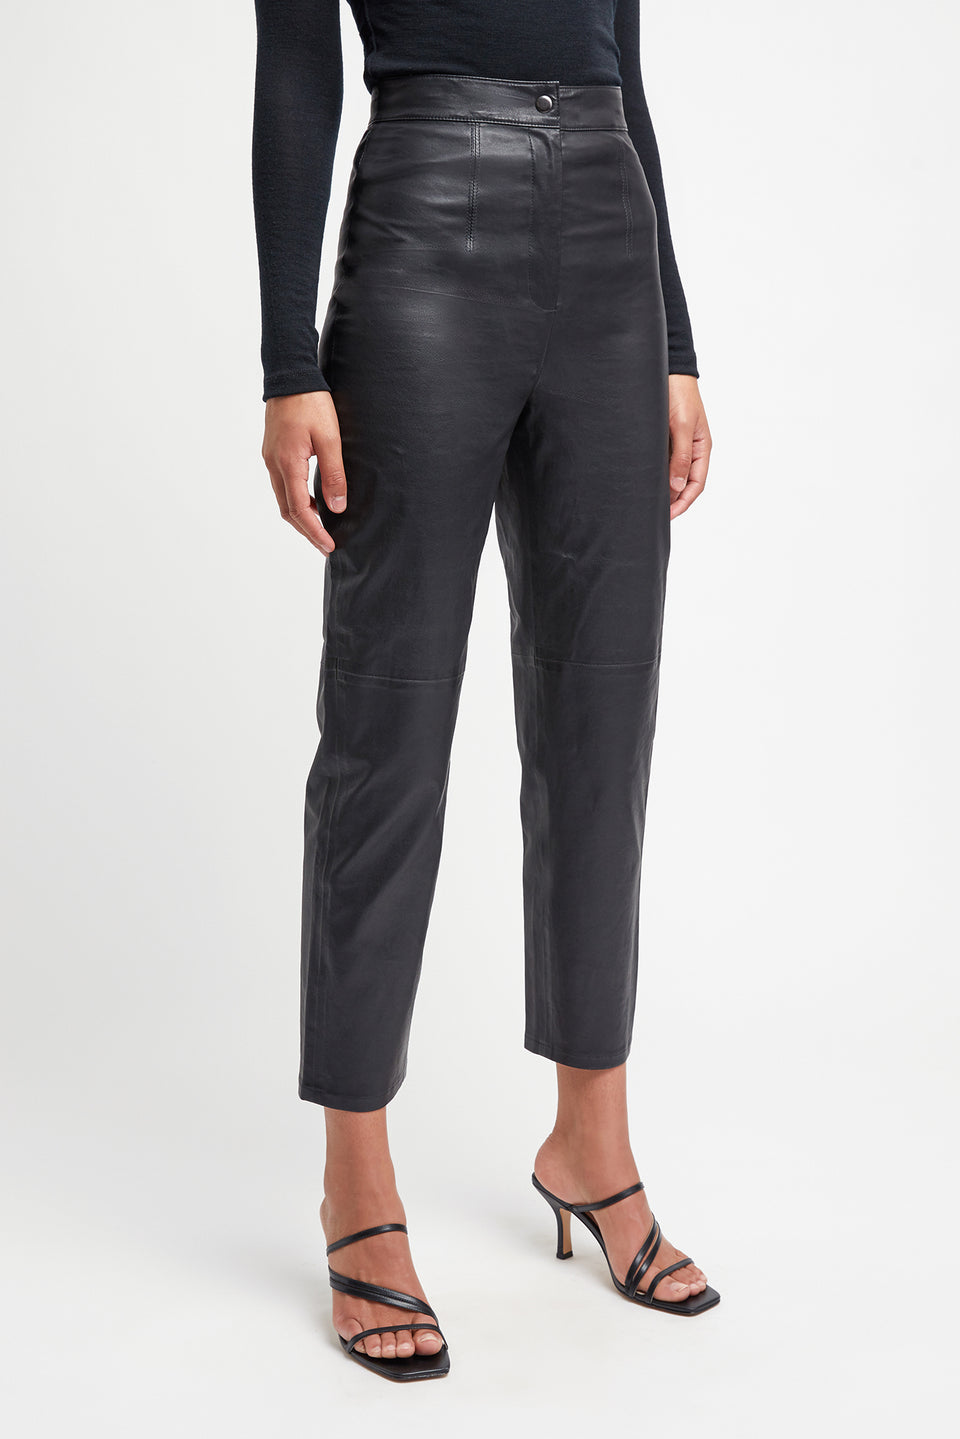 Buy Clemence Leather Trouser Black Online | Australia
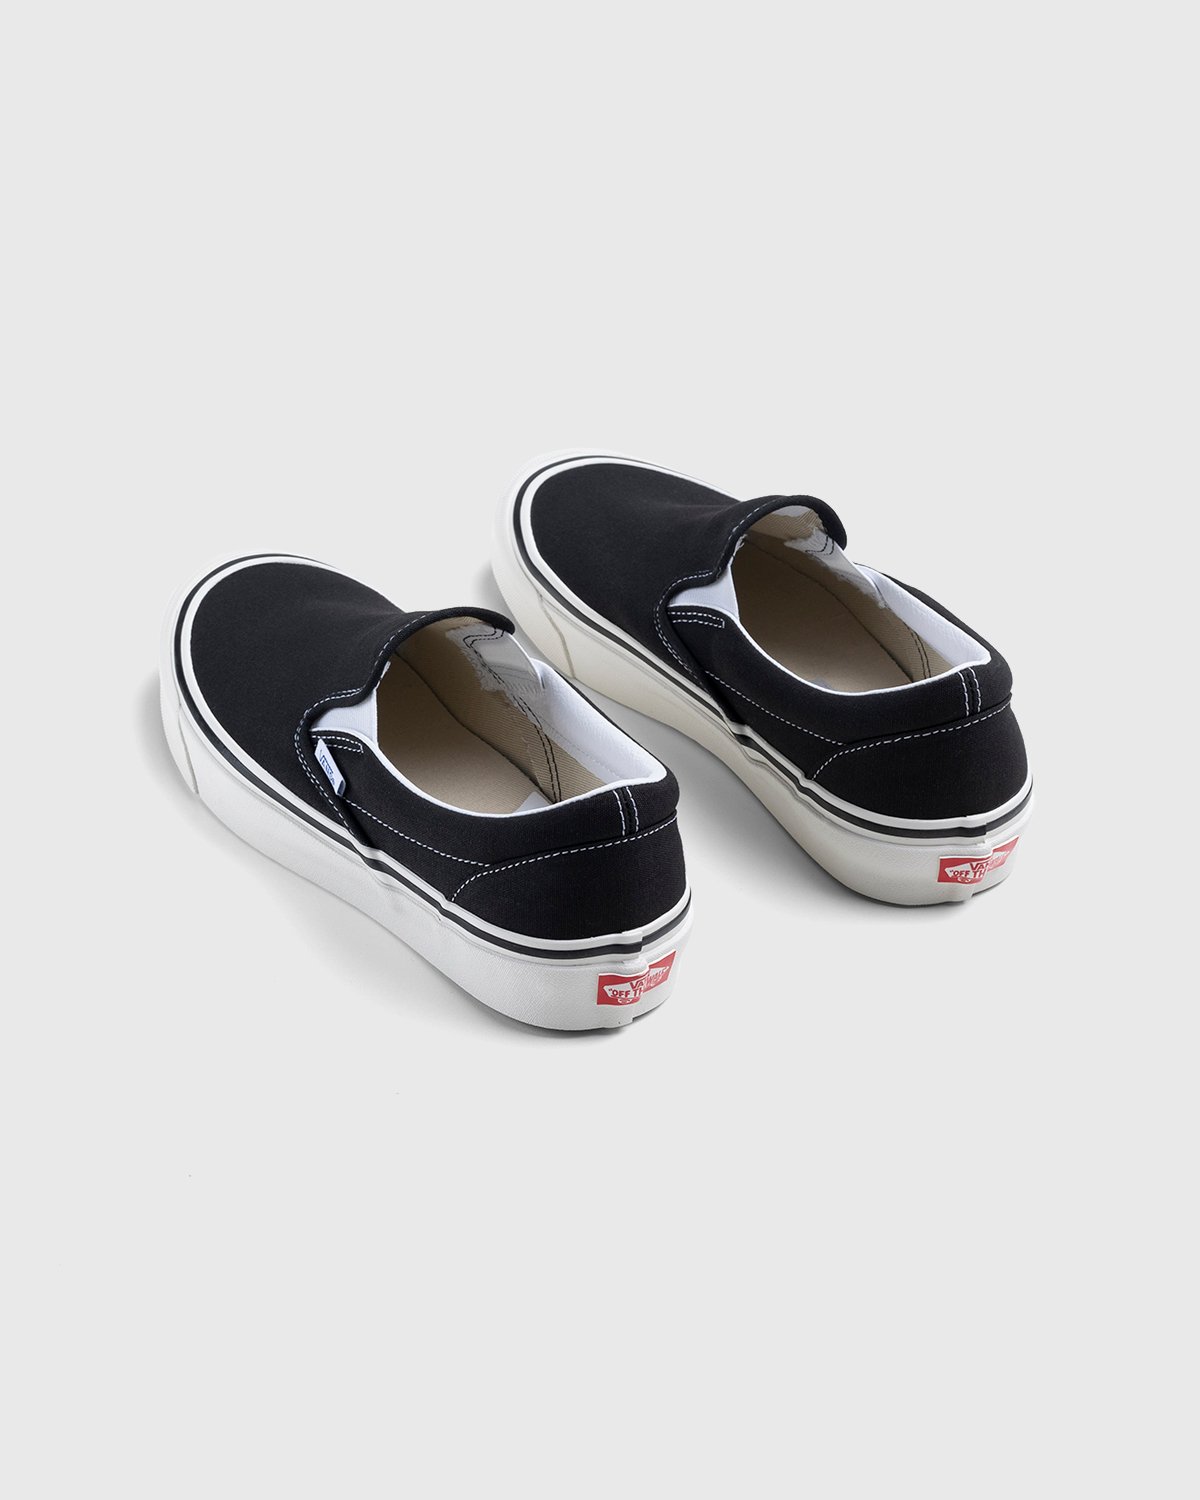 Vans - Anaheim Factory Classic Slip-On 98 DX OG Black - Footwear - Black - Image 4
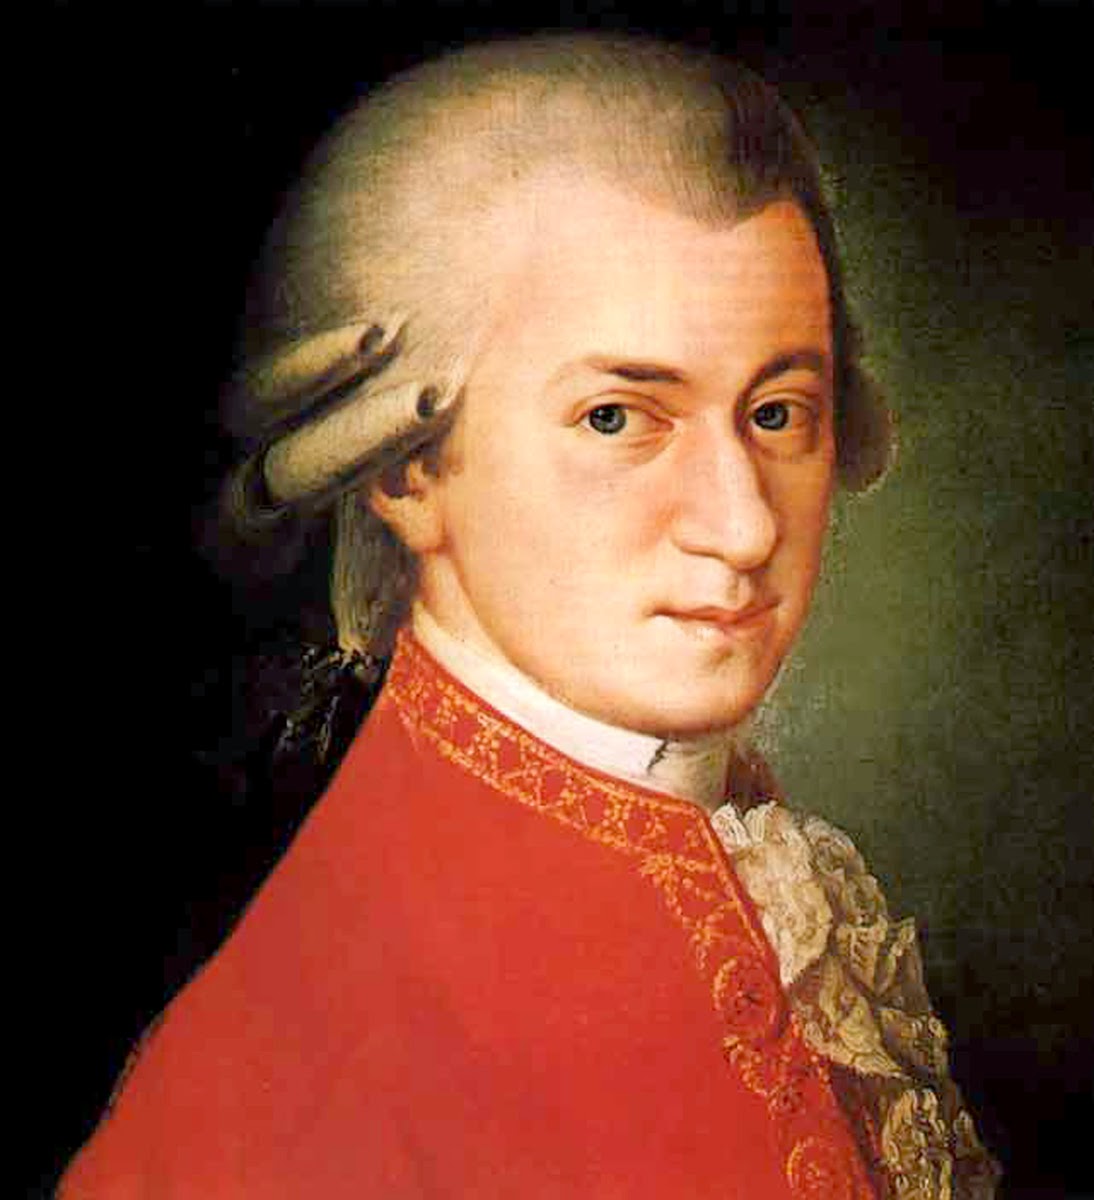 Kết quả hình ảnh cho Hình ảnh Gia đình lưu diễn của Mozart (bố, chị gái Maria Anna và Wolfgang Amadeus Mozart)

> _To do_
Within the listing above, find the line containing "Vans - Anaheim", then print it and every line after it exactly, leaving out pictures.

> _Task answer_
 Vans - Anaheim Factory Classic Slip-On 98 DX OG Black - Footwear - Black - Image 4
 Kết quả hình ảnh cho Hình ảnh Gia đình lưu diễn của Mozart (bố, chị gái Maria Anna và Wolfgang Amadeus Mozart)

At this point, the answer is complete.